Trying Children

January 11, 2010
By Anonymous

On the topic of Juvenile criminals and how they should be tried there are two main views, that they should be tried as adults or that they shouldn’t. Author Jessica Wilde believes that the judiciary system should not make age-based exceptions. In her article, “Juvenile Criminals Must Be Tried As Adults”, Wilde shows her opinion through examples of horrendous crimes such as the murder of a 2 year old by two juveniles. However in “Stop Trying 13-year-olds In Court As Adults”, author Mike Hendricks documents his opinion that children should be tried based on age. He explains this throughout his many examples such as many cases in which children come out of prison more dangerous and damaged then when they went in. Overall the opinions of the authors are extremely different showing the two most radical positions in this argument.

Should children be tried as adults? I think they should be. I think that limitations should be lowered but where the actual cut off is I don’t know. There are a larger number of children under the age of 18 that are in the same gangs and are committing the same crimes as those over 18 but aren’t getting punished as severely for it. Why not? They have the same motives and the same understanding of action versus consequence as the others; according to Wilde they aren’t punished as severely, “purely because of their age” (2).
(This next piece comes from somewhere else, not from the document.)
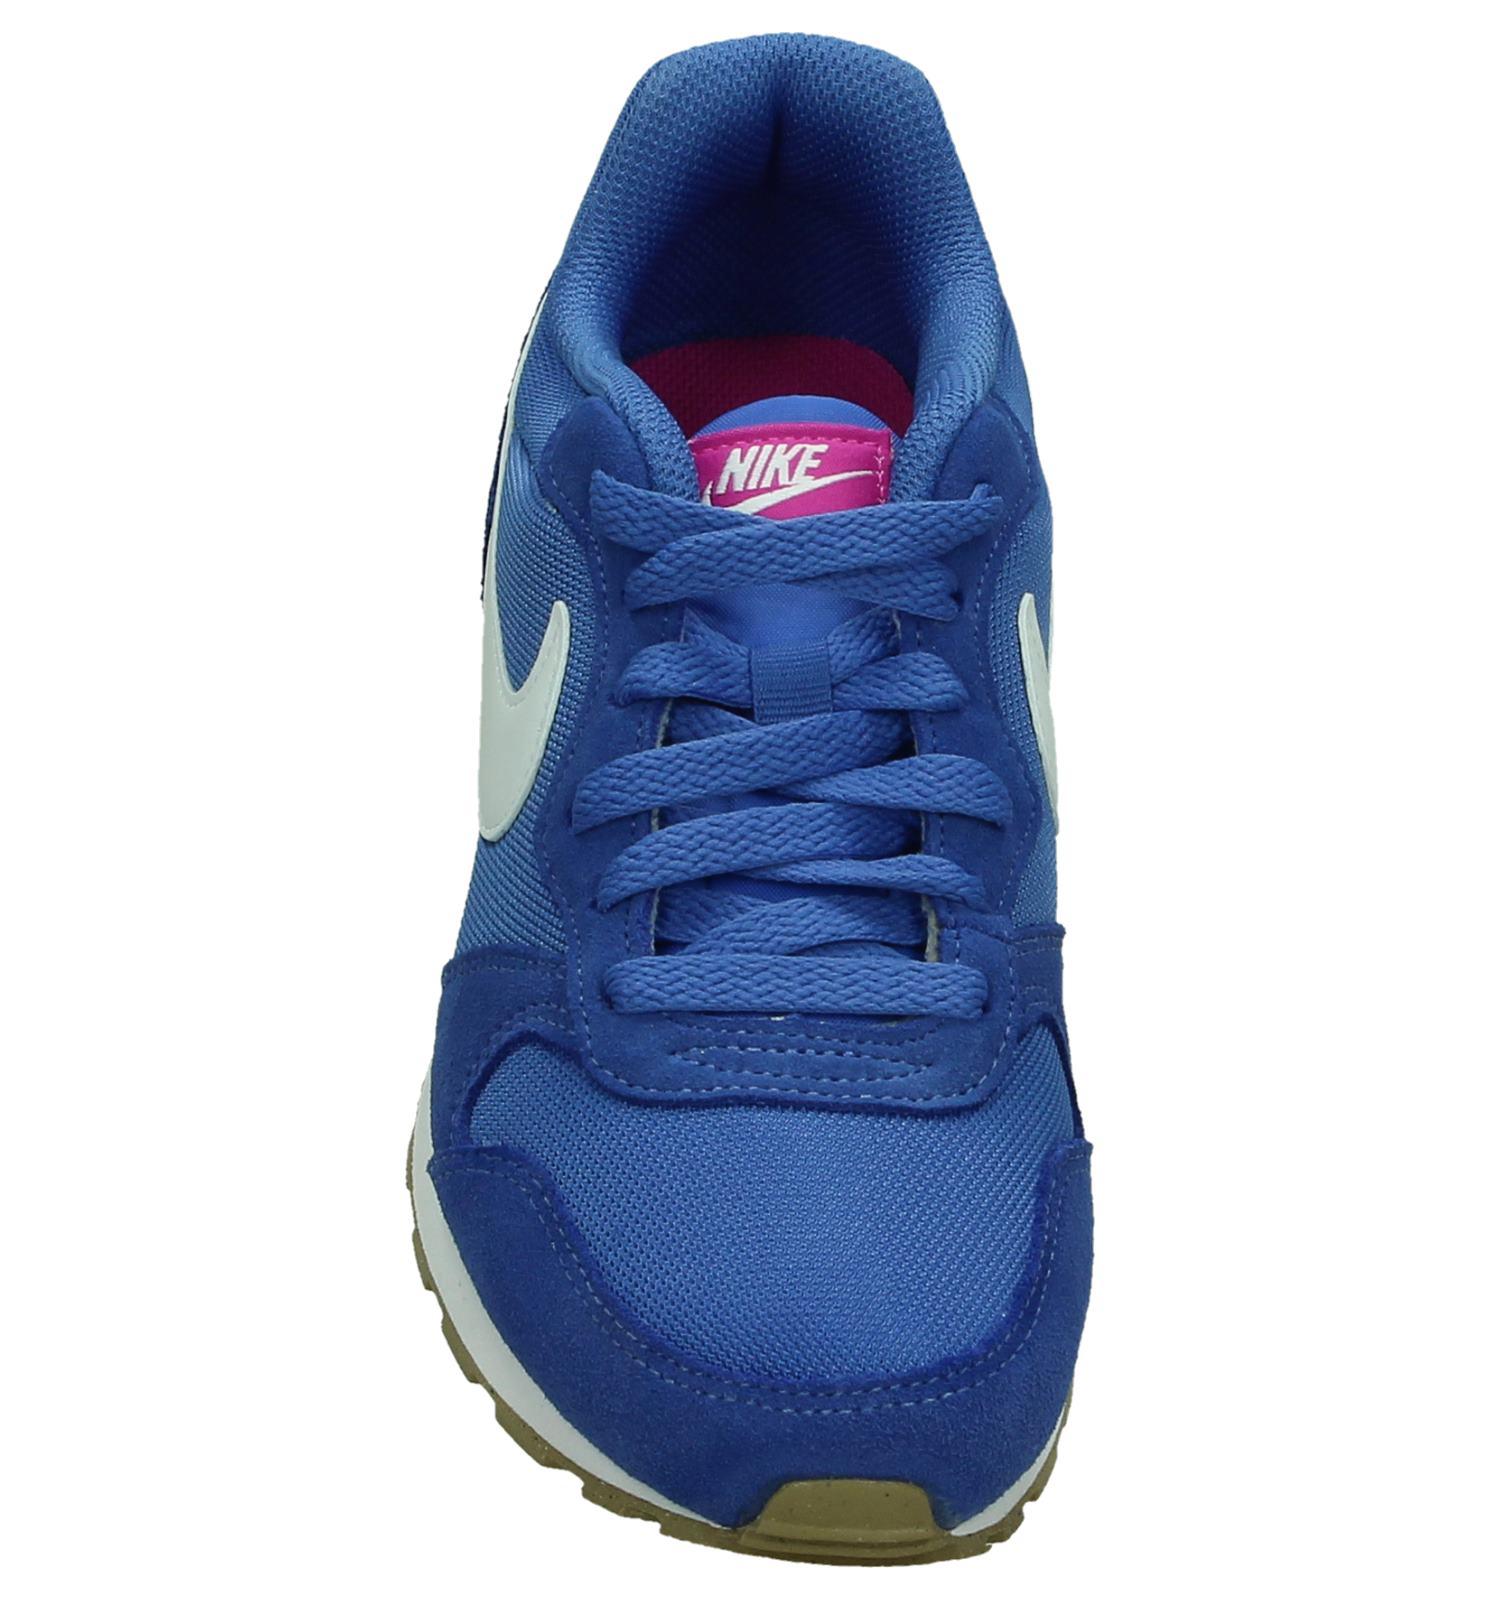 6343caecca8 Nike MD Runner Lage Sportieve Sneaker Blauw   TORFS.BE   Gratis verzend en  retour
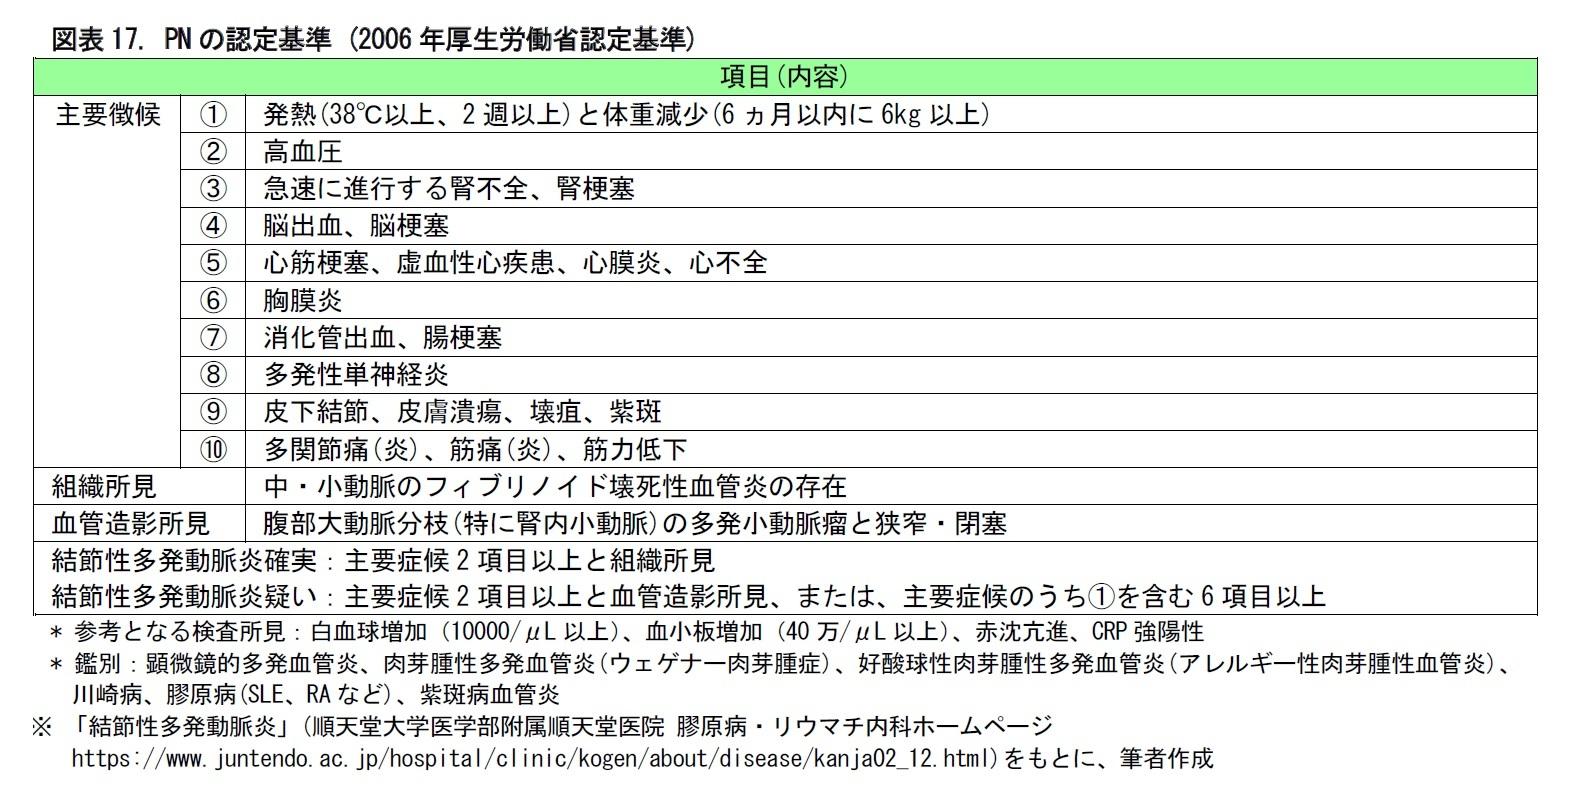 図表17. PNの認定基準 (2006年厚生労働省認定基準)

I think that at some point under the age of 18 “children” should have gained an equal knowledge of the cost of a life, an understanding, as I said before, of action vs. consequence, and the emotional trauma it brings to the family of the victim just as well as some one over 18 would have. Wouldn’t you want them tried as adults if they killed or harmed one of your loved ones? Aren’t all crimes the same? They could have easily had the same motives and lack of morals as an “adult” would.

There are others who believe that these ‘children’ shouldn’t be punished as severely as adults for the same basic crimes, solely because they are younger. Those against this form of justice, such as Mike Hendricks, say, “ The fact is that kids are not adults. Their brains are wired differently. They don’t think things out the way we do,” (15). They think that only once you turn 18 do you understand the trauma and have the ability to understand your actions. They also believe that because a jury of their peers doesn’t try them they don’t get fair trials. But if juries of the child’s own peers tried them, do you think the opposition views would change? Another point they often make is that when children are under 18 their brains are malleable and susceptible to rehabilitation and therefore their morals can change. Can you really change someone’s morals? I believe that you are born with them and that no mater what you do you can’t change someone’s morals.

In conclusion, I believe that children should be tried as adults due to the fact that they can have the same morals and reasons to commit the crime as adults would. They would have an understanding of the consequences of their actions and the trauma it brings to the victim and or their families. I see absolutely no reason not to punish these ‘juvenile delinquents’ as severely as adults. Seeing as though there are many oppositions to this form of justice I ask you, the reader what you would want if they had harmed or killed one of your loved ones. Would you want them to go to juvenile detention centers and leave with a vague reminder of what they had truly done or would you want them to be tried as adults and remember what they had done and how much it hurt you for the rest of their lives?